* **TASK BRIEF**:
Without including any pictures, write out the data below exactly.
SUPPLIED MATERIAL section start
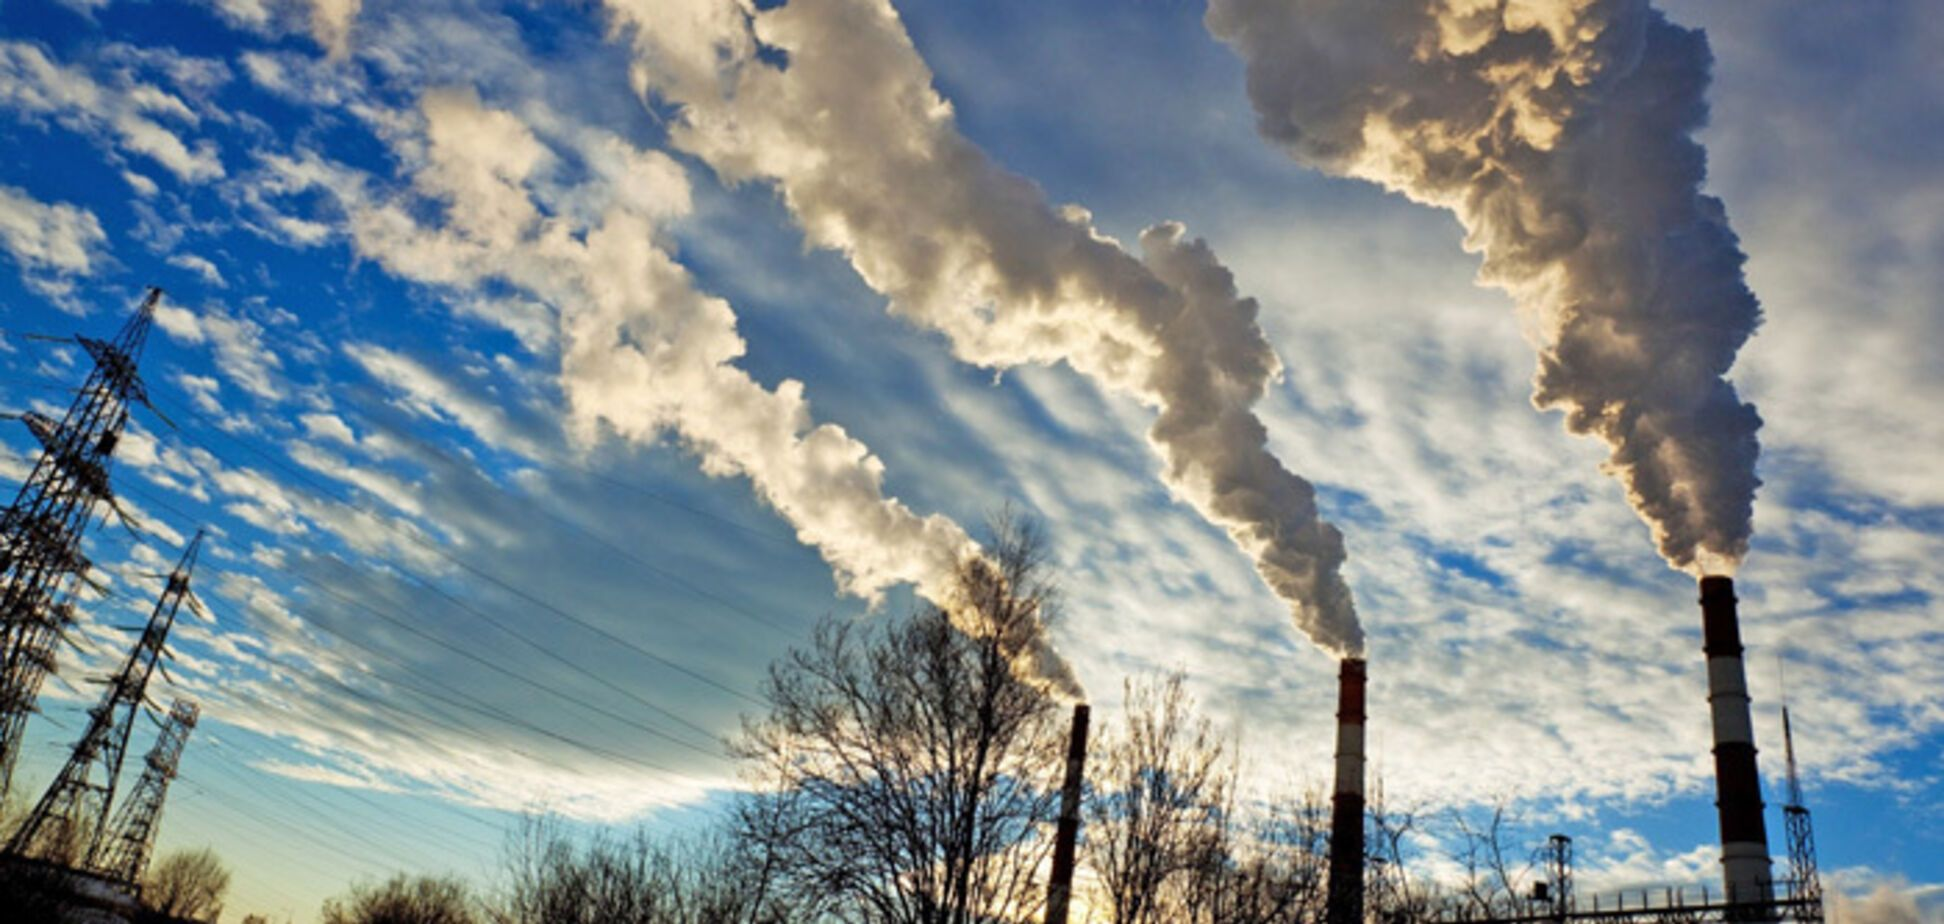 З 2025 року Україна може стати залежною від електроенергії РФ через втрату потужностей відповідно до НПСВ – Укренерго
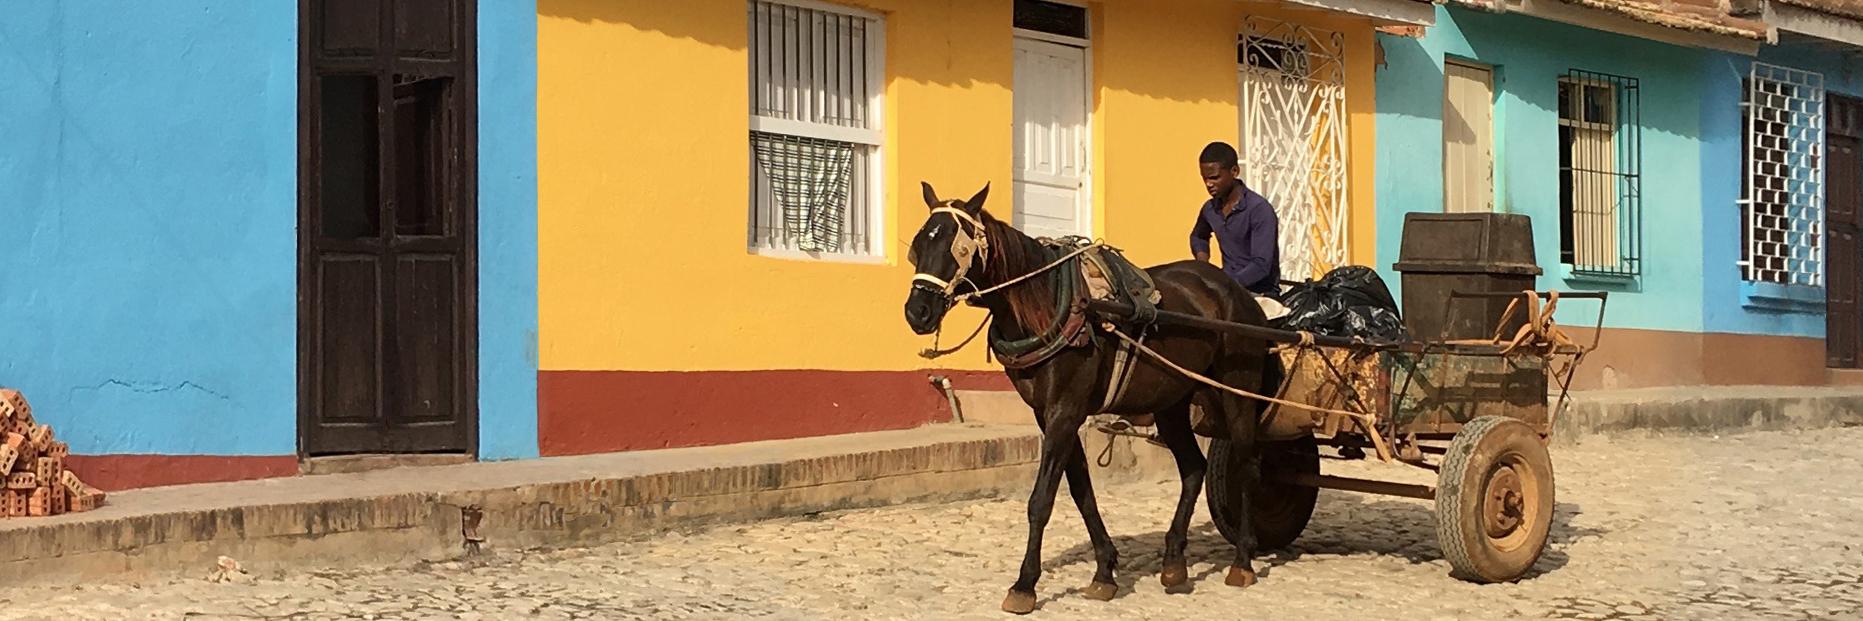 Havana Revisited (4)
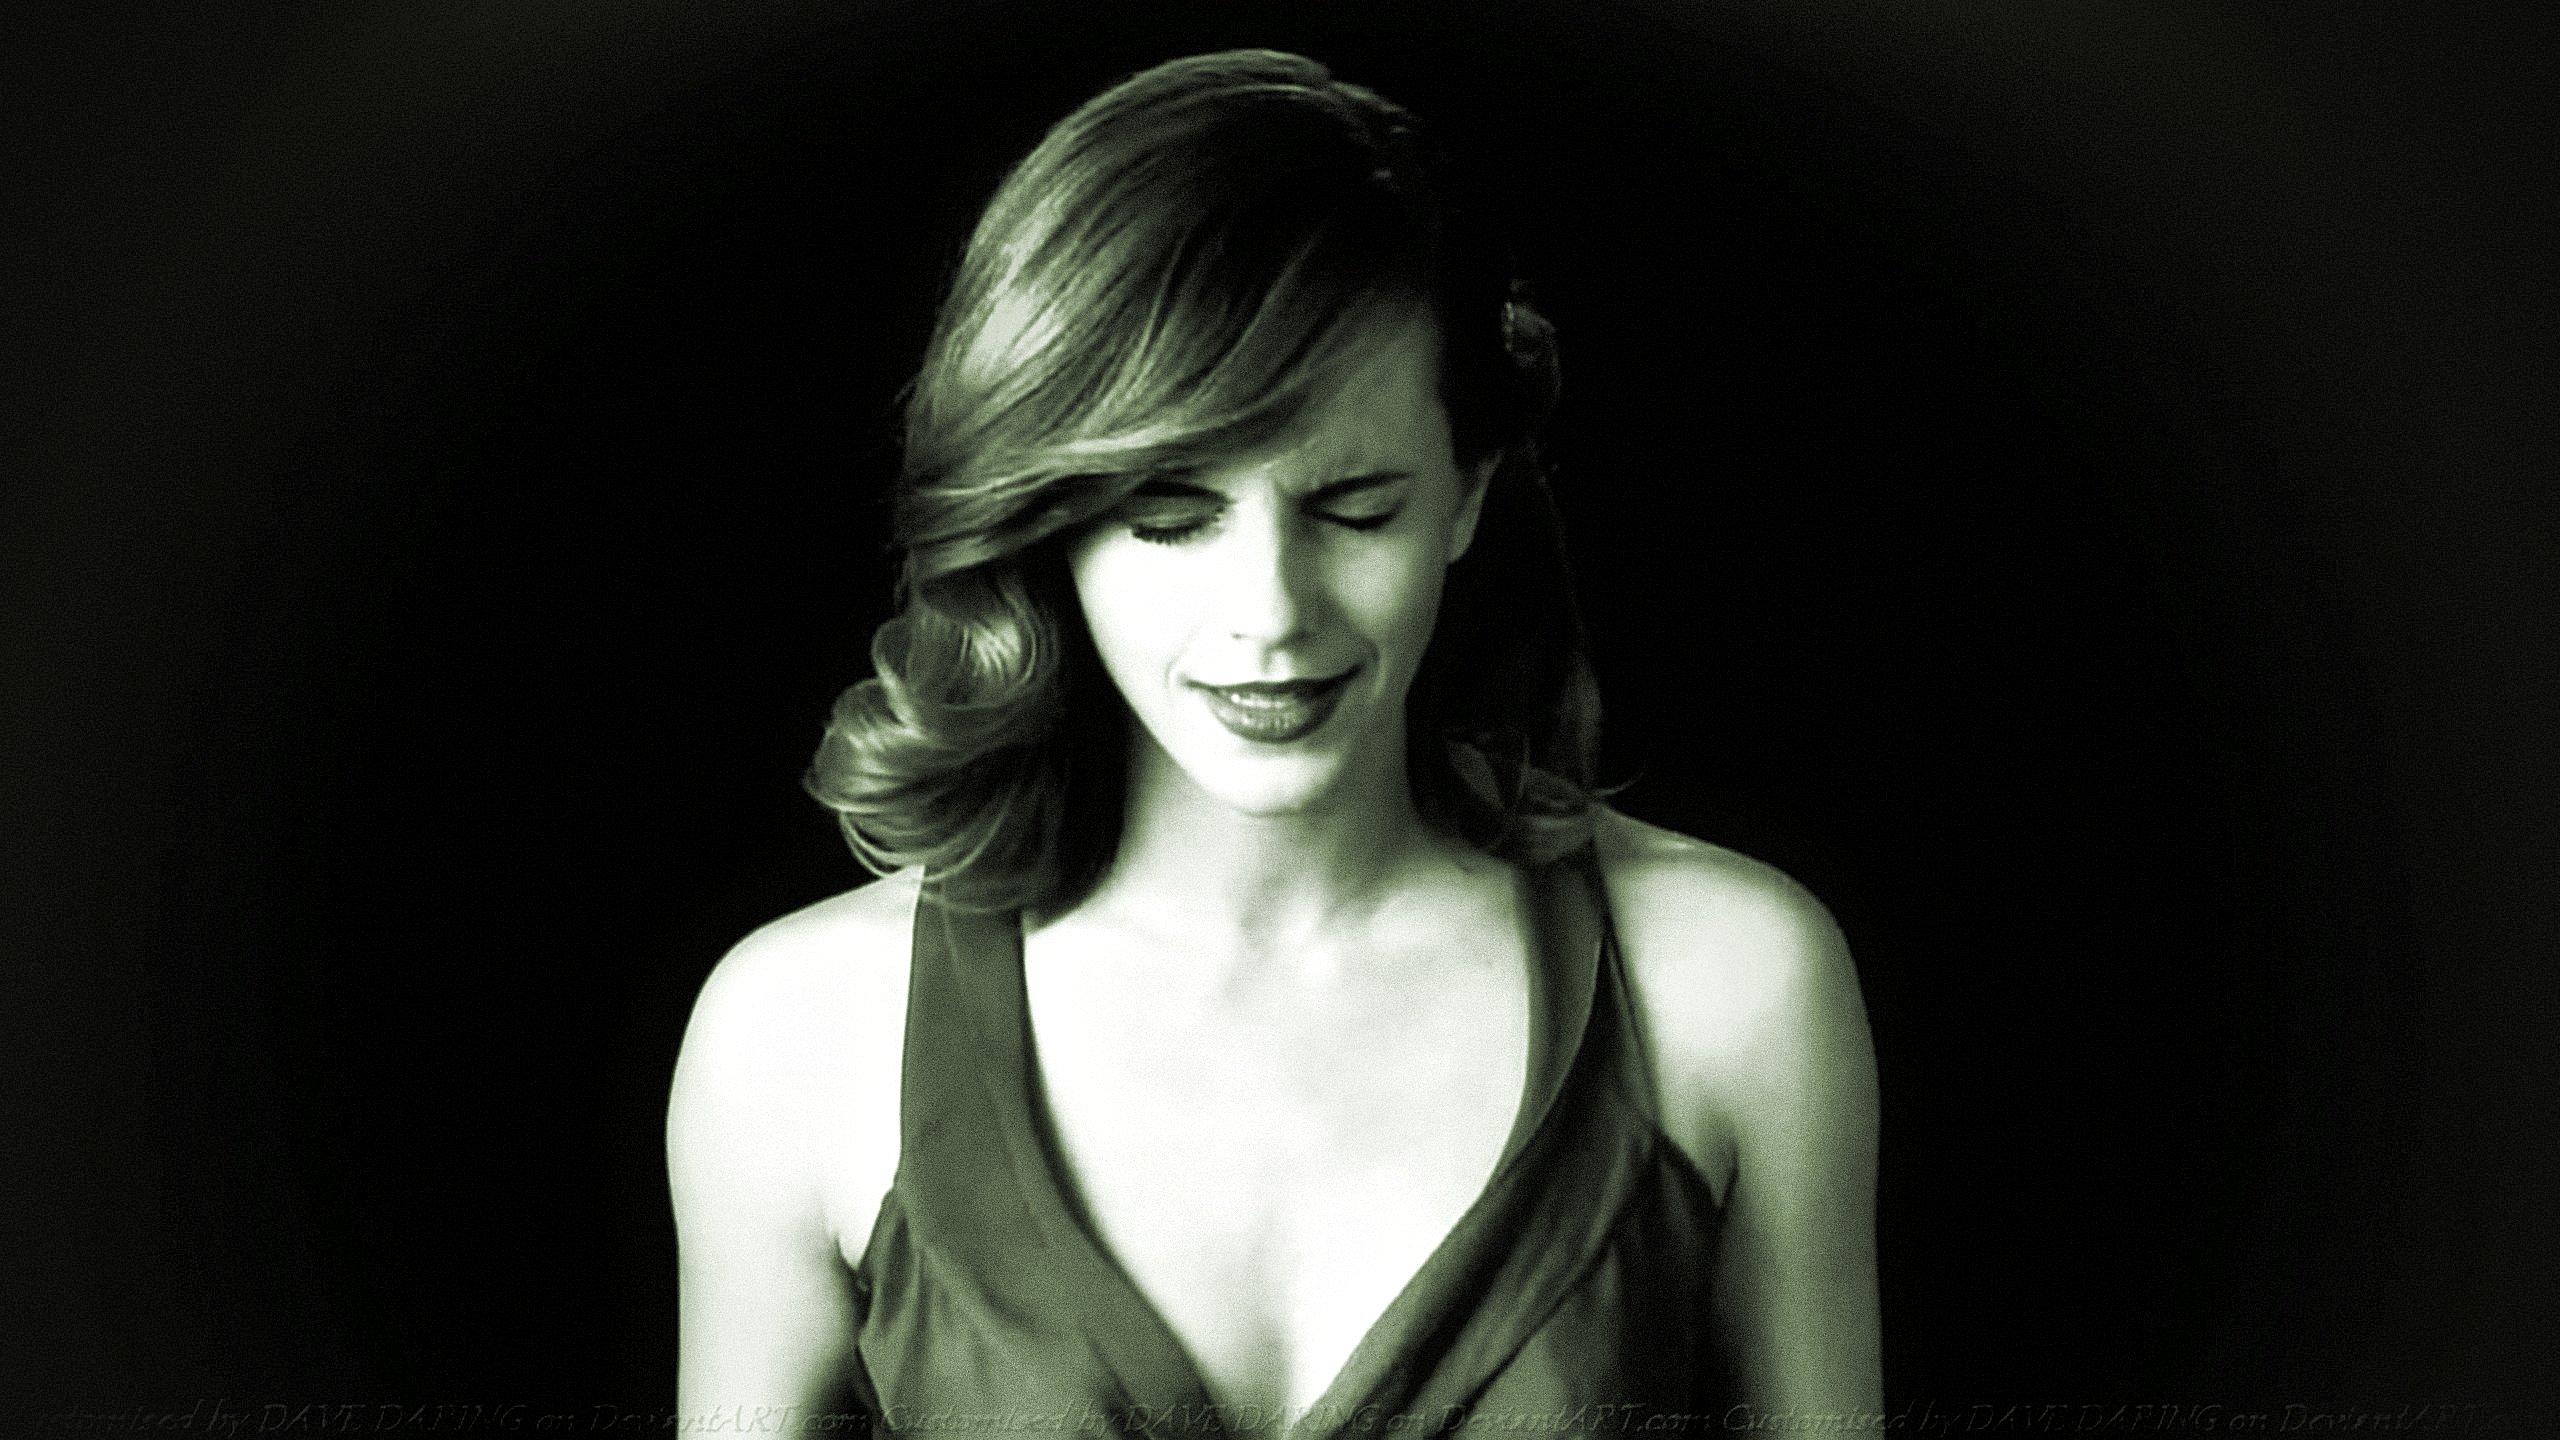 Emma-Watson-10-wallpapers--06.jpg
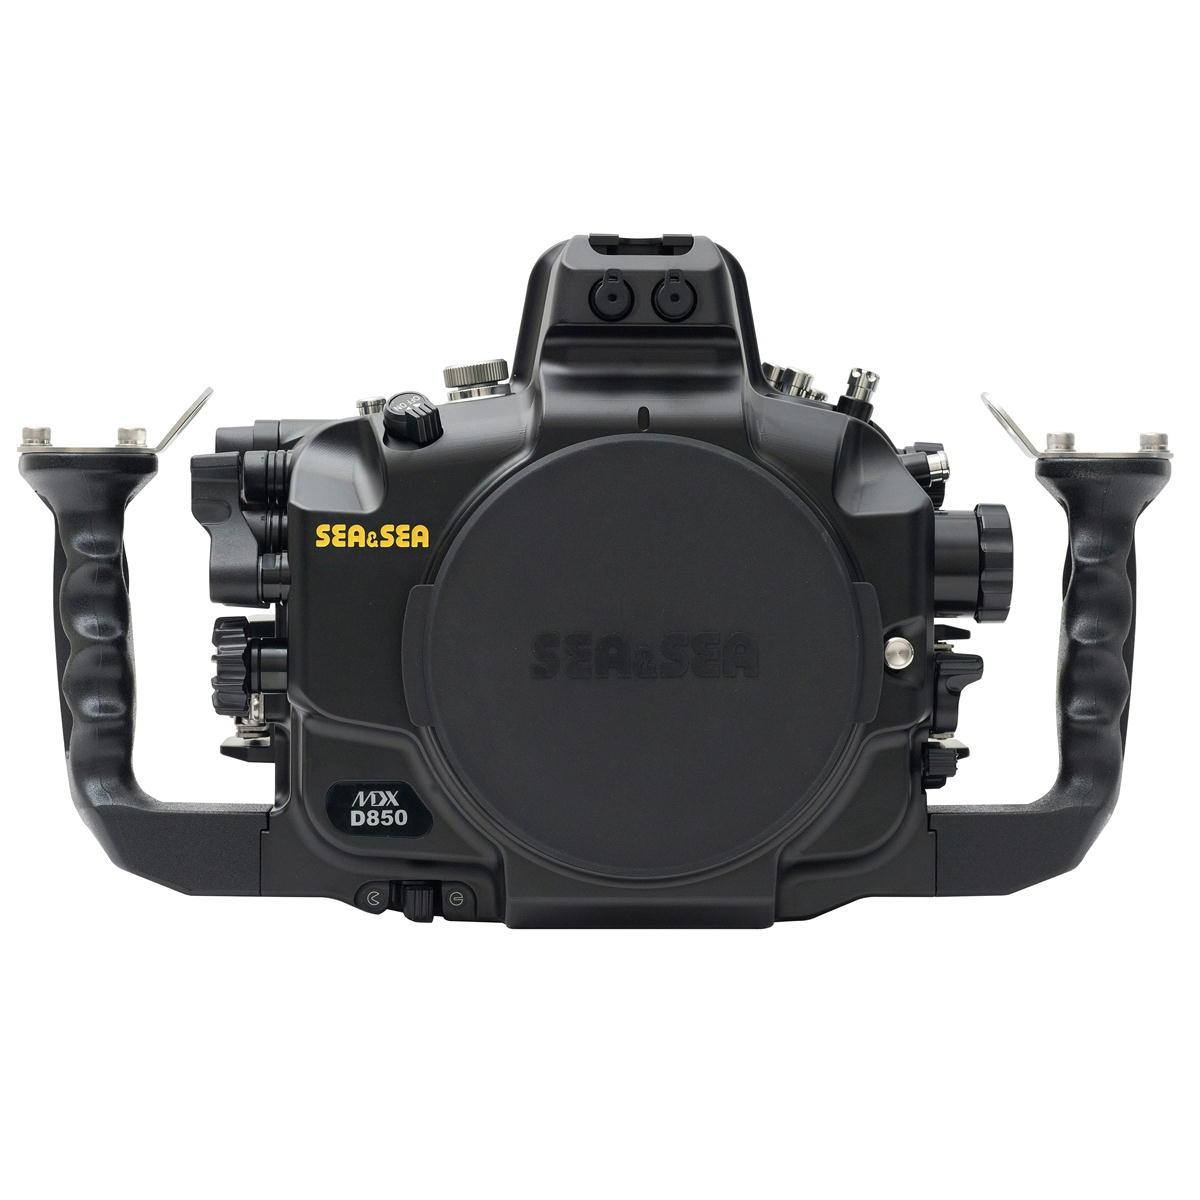 MDX-D850 | ニコン 一眼レフカメラ D850用 SEA&SEA ハウジング
SUPPLIED MATERIAL section end
* **FINISHED TASK**:
 З 2025 року Україна може стати залежною від електроенергії РФ через втрату потужностей відповідно до НПСВ – Укренерго
 Havana Revisited (4)
 Emma-Watson-10-wallpapers--06.jpg
 MDX-D850 | ニコン 一眼レフカメラ D850用 SEA&SEA ハウジング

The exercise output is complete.